The unveiling of the Thermion Duo DXP50 and the Thermion Duo DXP55 introduced the first multispectral riflescope to the Pulsar product range, offering users the detection capabilities they would find through a thermal imaging device, with the identification capabilities they would achieve with a regular day scope, in one classically designed riflescope.

You can find out more about the Thermion Duo DXP50 here, and the Thermion Duo DXP55 here. But in this article, we’re going to go deeper into how multispectral technology can offer so much more than conventional thermal imaging optics.

What is Multispectral Imaging?

A multispectral imager is a device that transmits images via multiple channels; in the case of the Thermion Duo series, these channels consist of a thermal channel and a digital day optics channel. But why would you need both? A multispectral imaging device offers more convenience, better accuracy, and even greater detection capabilities when compared with standard day optics or thermal imaging devices — allowing users to use just one single scope without the need to switch between day and thermal optics.

See it in Action…

Which is Better, Thermal or Multispectral Optics?

Answering this question is really down to user requirements and device application, however, in our opinion, the multispectral device will always come out on top; by combining the identification capabilities of conventional day optics with the exceptional detection capabilities of a Pulsar thermal imaging device,  both models in the Thermion Duo series make sure you never miss a single important detail whilst out in the field — allowing users to make well-informed decisions when it matters most.

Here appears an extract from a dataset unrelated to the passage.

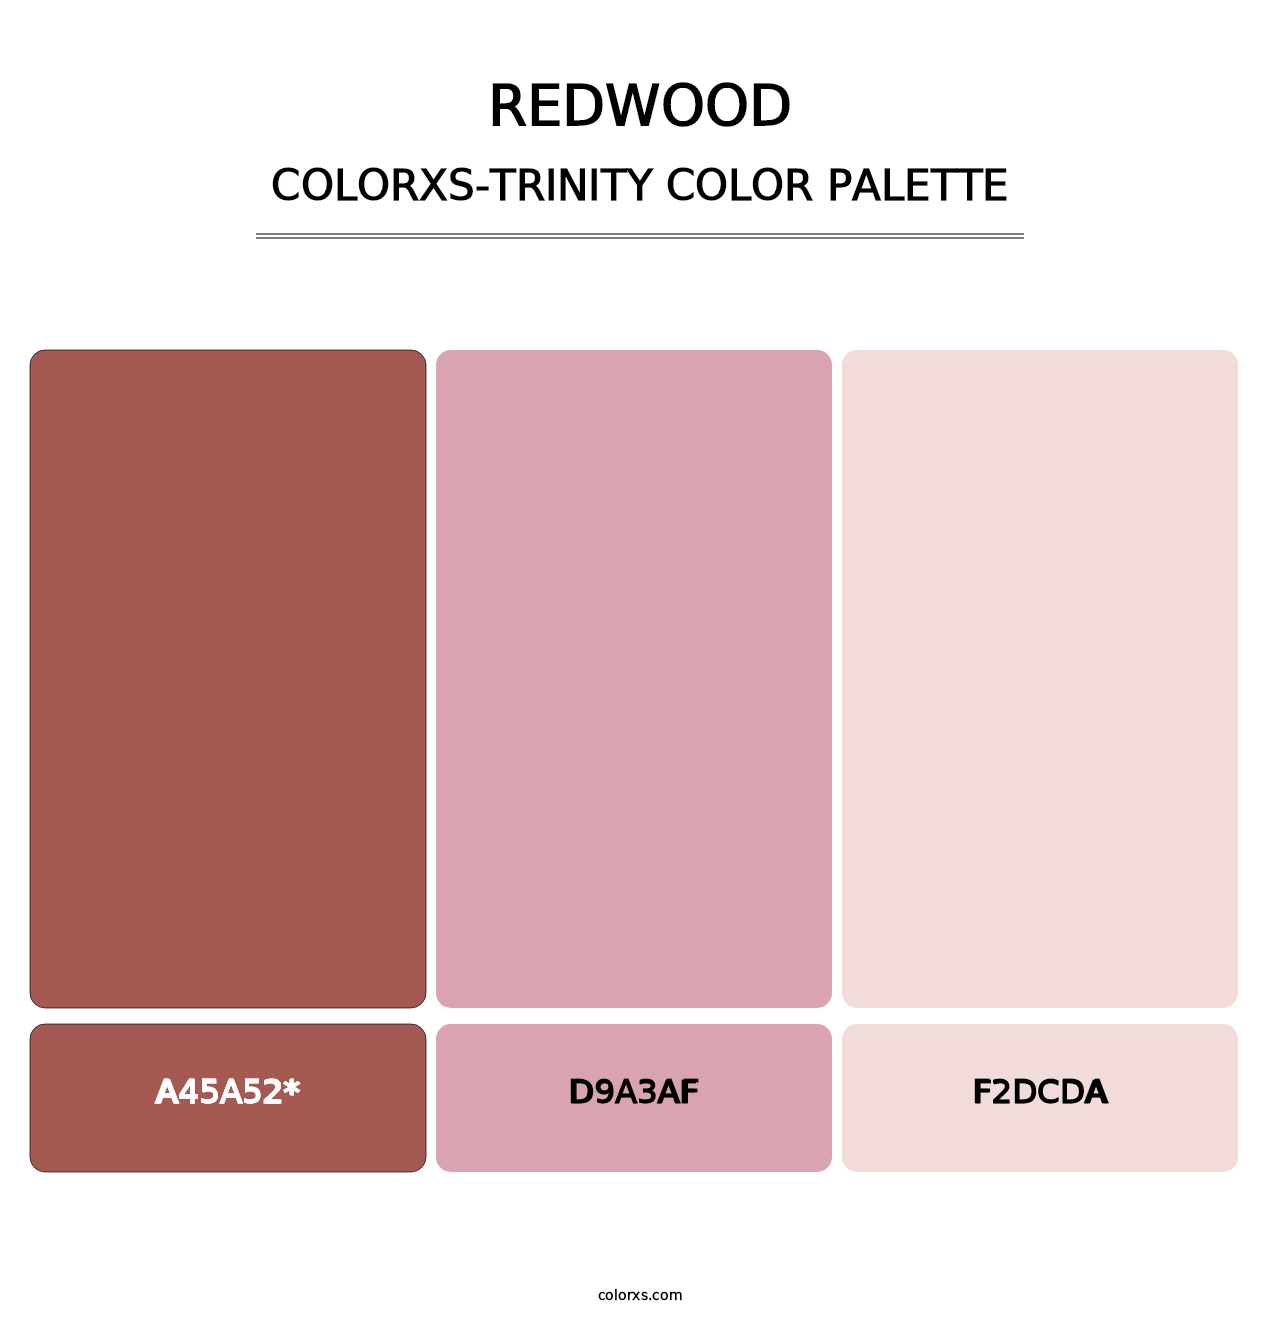 Redwood - Colorxs Trinity Palette

Multispectral imaging devices even allow users to continue their hunt in adverse weather conditions. Take for example the Thermion Duo riflescopes — users can hunt comfortably through the digital daytime channel and, once the weather take a turn, cut right through the fog, rain, or snow by quickly switching to the thermal channel. Dual-channel Picture-in-Picture (PiP) mode even allows users to observe an animal through the daytime channel, whilst using a zoomed-in frame in the top 10% of the display to inspect the animal through the thermal channel, without ever losing control of the field of view.

Is Thermal Functionality Sacrificed in Multispectral Devices?

A common concern when it comes to multispectral devices is a loss of quality and operational longevity in the thermal channel. But fear not — the Thermion Duo series is built on Pulsar’s flagship Thermion 2 LRF XP50 Pro thermal imaging riflescope, and features all the same operational, digital, and connectivity capabilities found in this device. Putting it simply, owning a Thermion Duo multispectral riflescope is like owning a thermal imaging riflescope with an integrated digital camera!

Are Multispectral Devices Only Available as Riflescopes?

For those who don’t need or want a riflescope, multispectral devices are also available as binoculars with the Merger Duo NXP50 (coming soon), and, soon enough, as monoculars. Take, for example, the new Telos LRF XP50 — Pulsar’s recently-launched thermal imaging monocular that is capable of technological upgrades. This device features a plethora of upgradeable options, including the ability to add an additional channel and do away with the need to choose between a thermal imaging monocular and a multispectral imaging monocular. When it comes down to it, a multispectral imaging is another way in which Pulsar can offer our users the opportunity to see beyond the invisible.